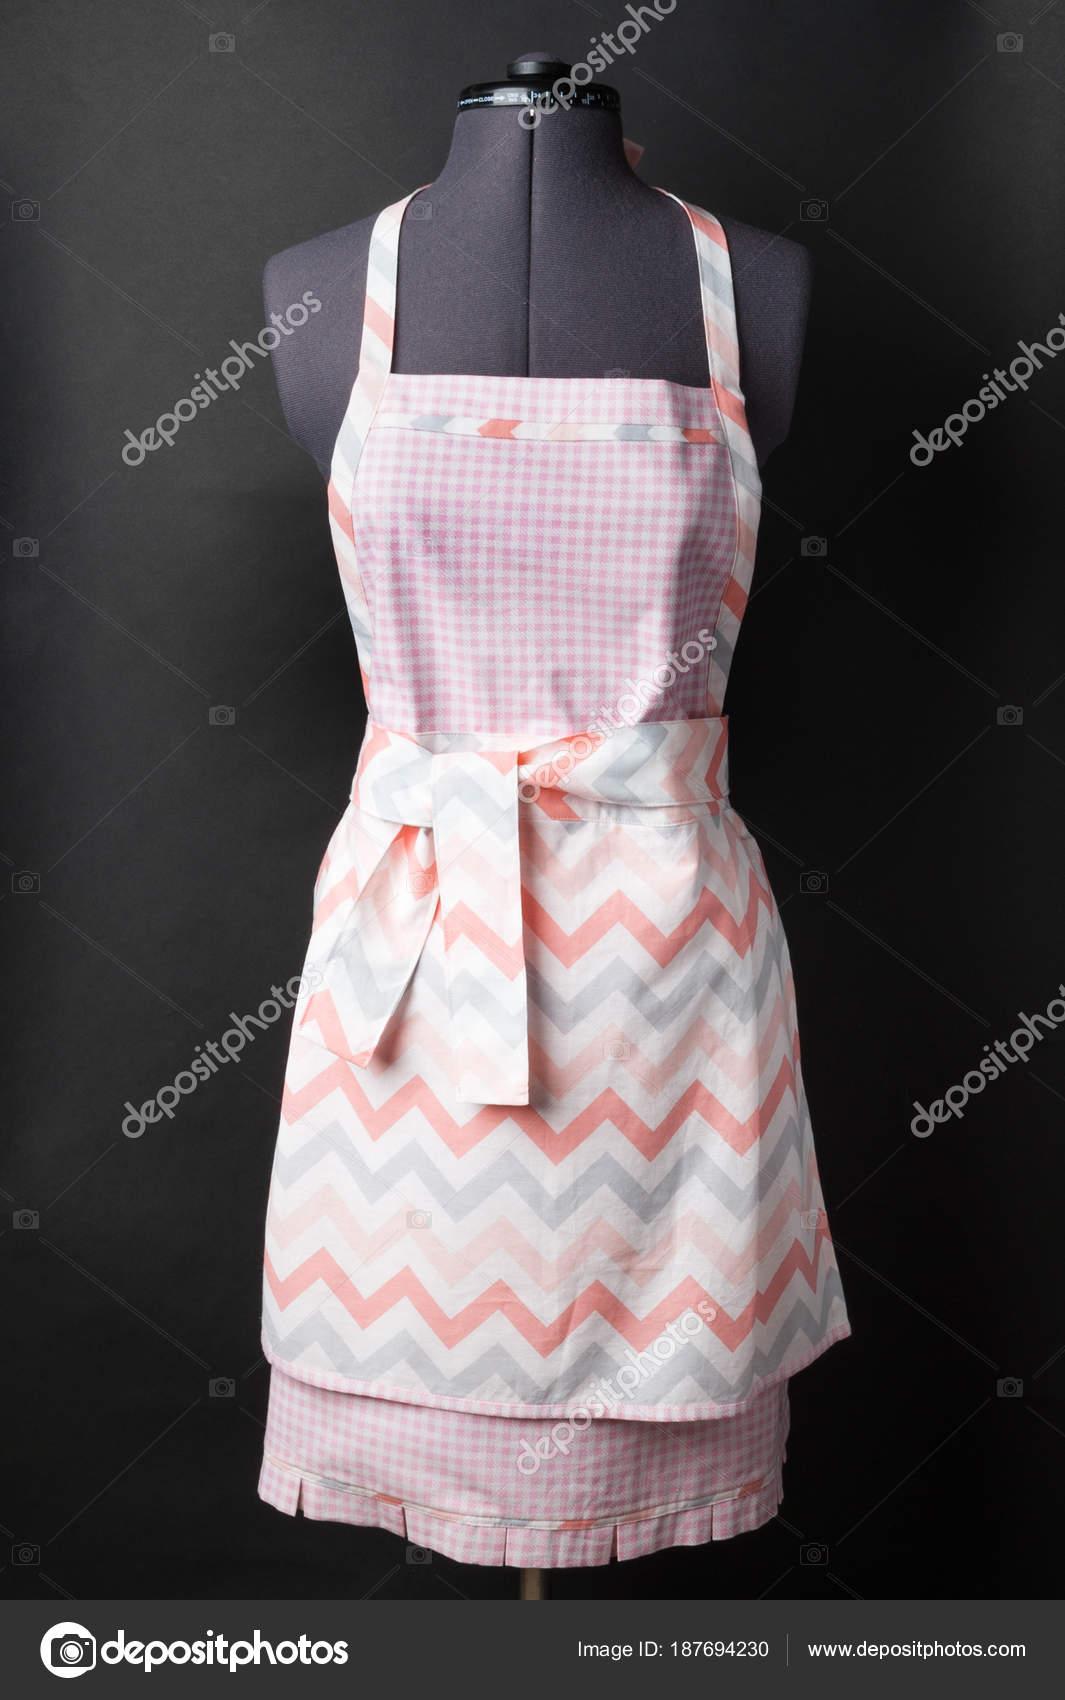 kitchen aprons aid gas grill 黑色厨房围裙 图库照片 c garry518 187694230 女性厨房围裙在一个黑色背景的人体模特身上 照片作者garry518
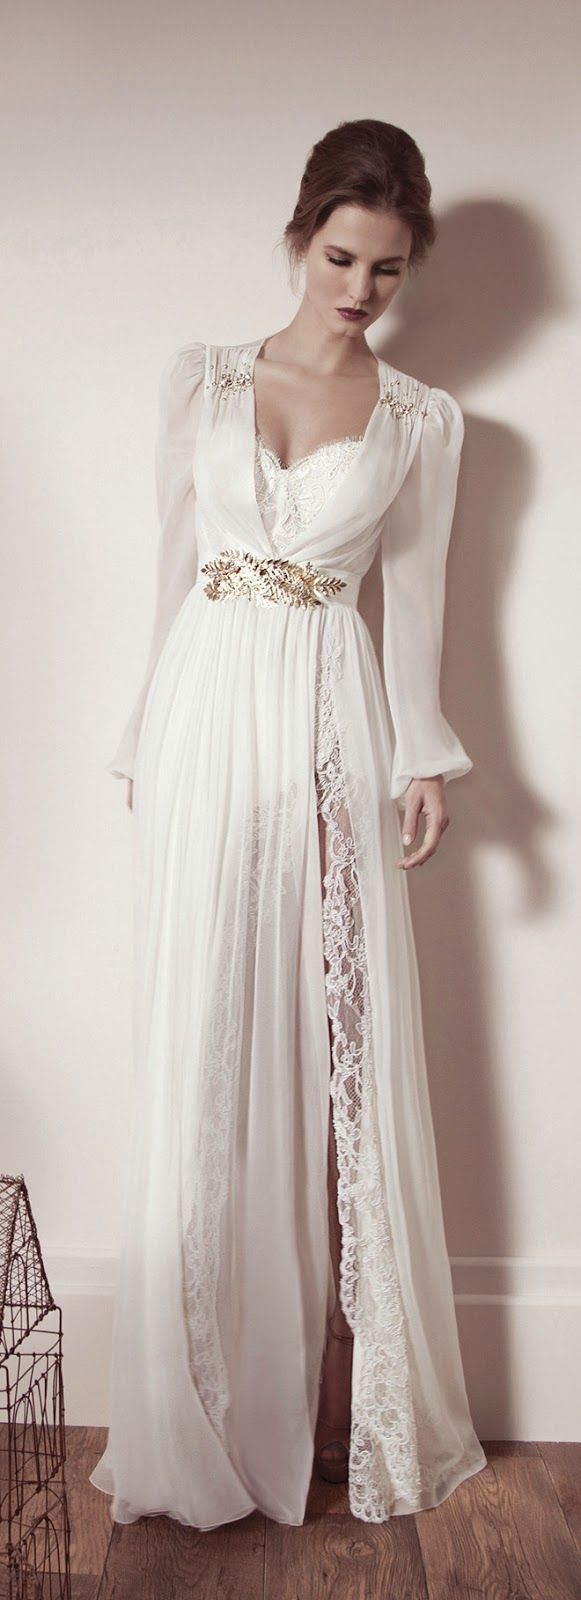 Lihi Hod 2013 Bridal Collection | bellethemagazine.com www.ouihours.com
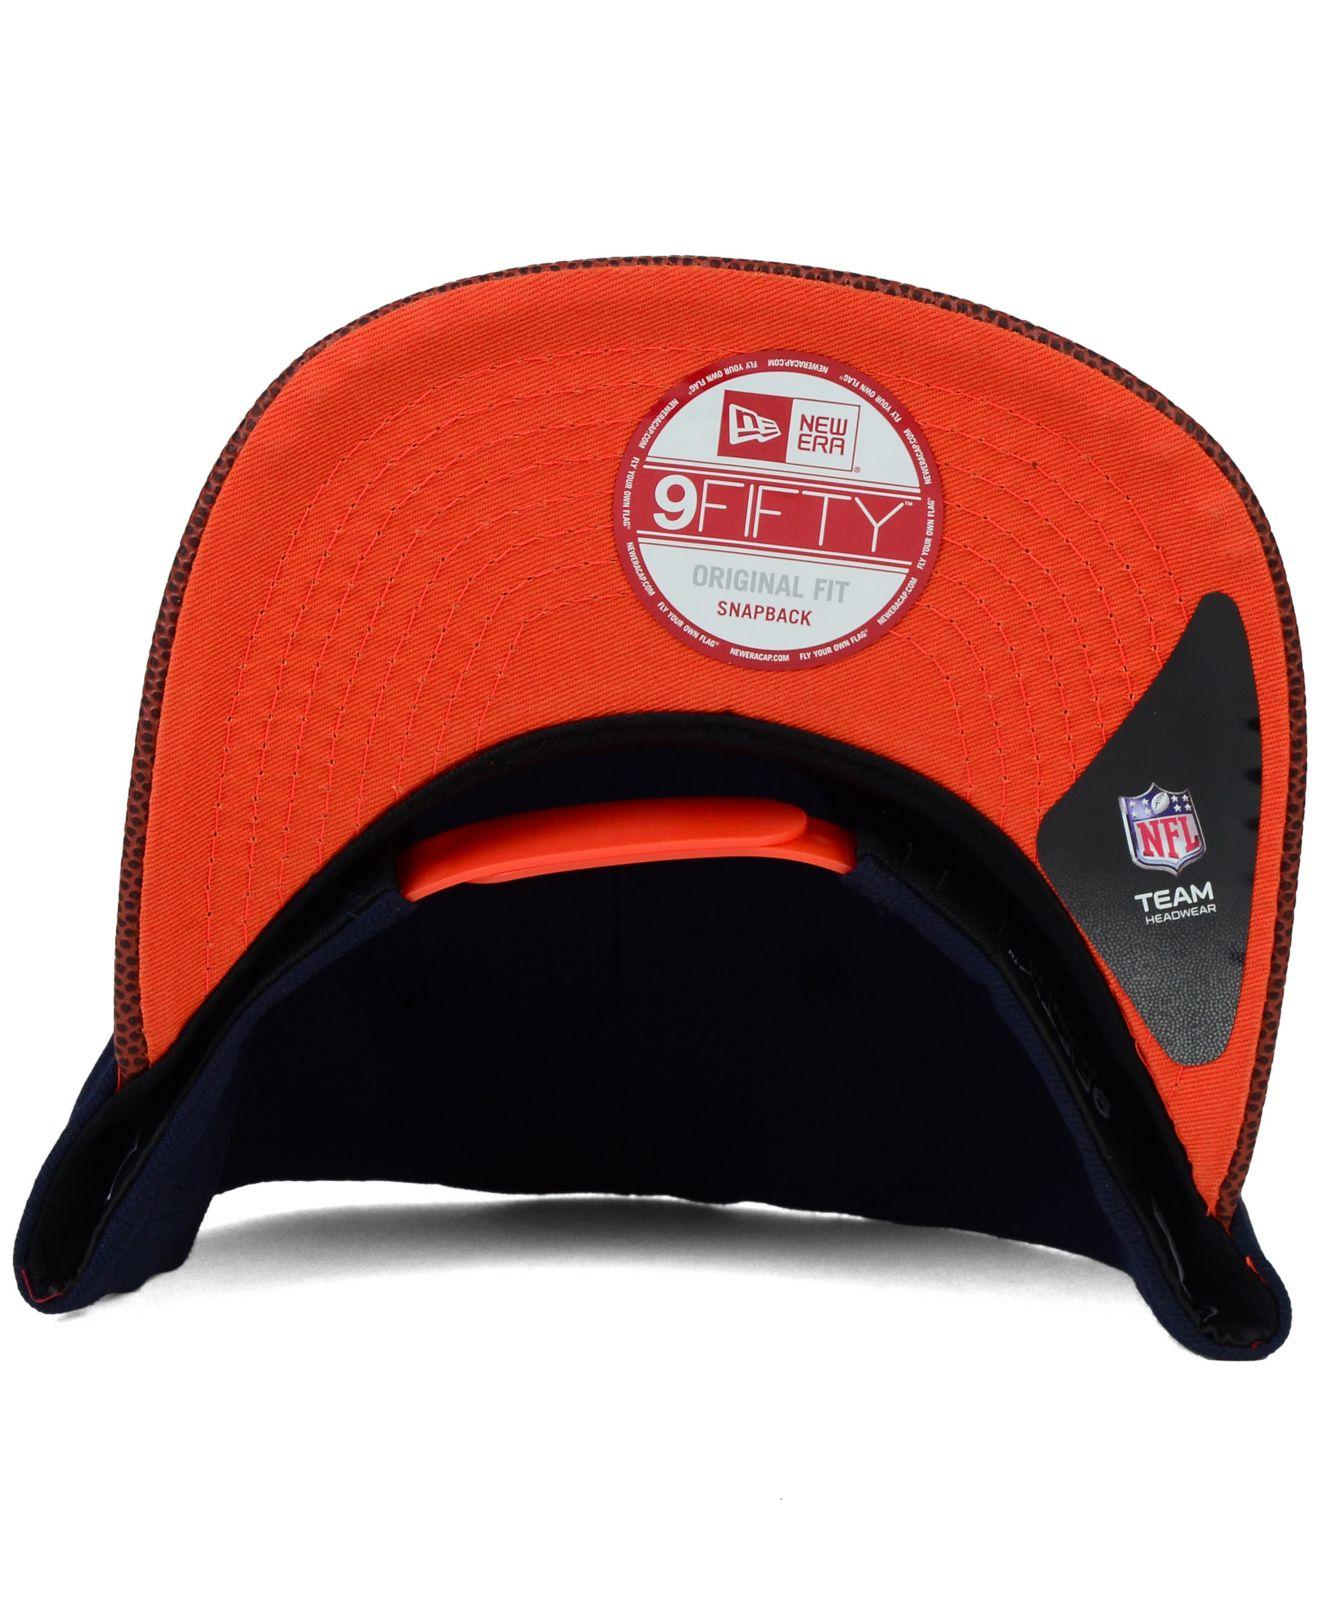 4e6b3a352afe95 KTZ Chicago Bears Super Bowl Xx Athlete Vize 9fifty Snapback Cap in ...

> WHAT IS REQUIRED
With the pictures omitted, reproduce the data above exactly.

> REPLY
 kitchen aprons aid gas grill 黑色厨房围裙 图库照片 c garry518 187694230 女性厨房围裙在一个黑色背景的人体模特身上 照片作者garry518
 Lihi Hod 2013 Bridal Collection | bellethemagazine.com www.ouihours.com
 4e6b3a352afe95 KTZ Chicago Bears Super Bowl Xx Athlete Vize 9fifty Snapback Cap in ...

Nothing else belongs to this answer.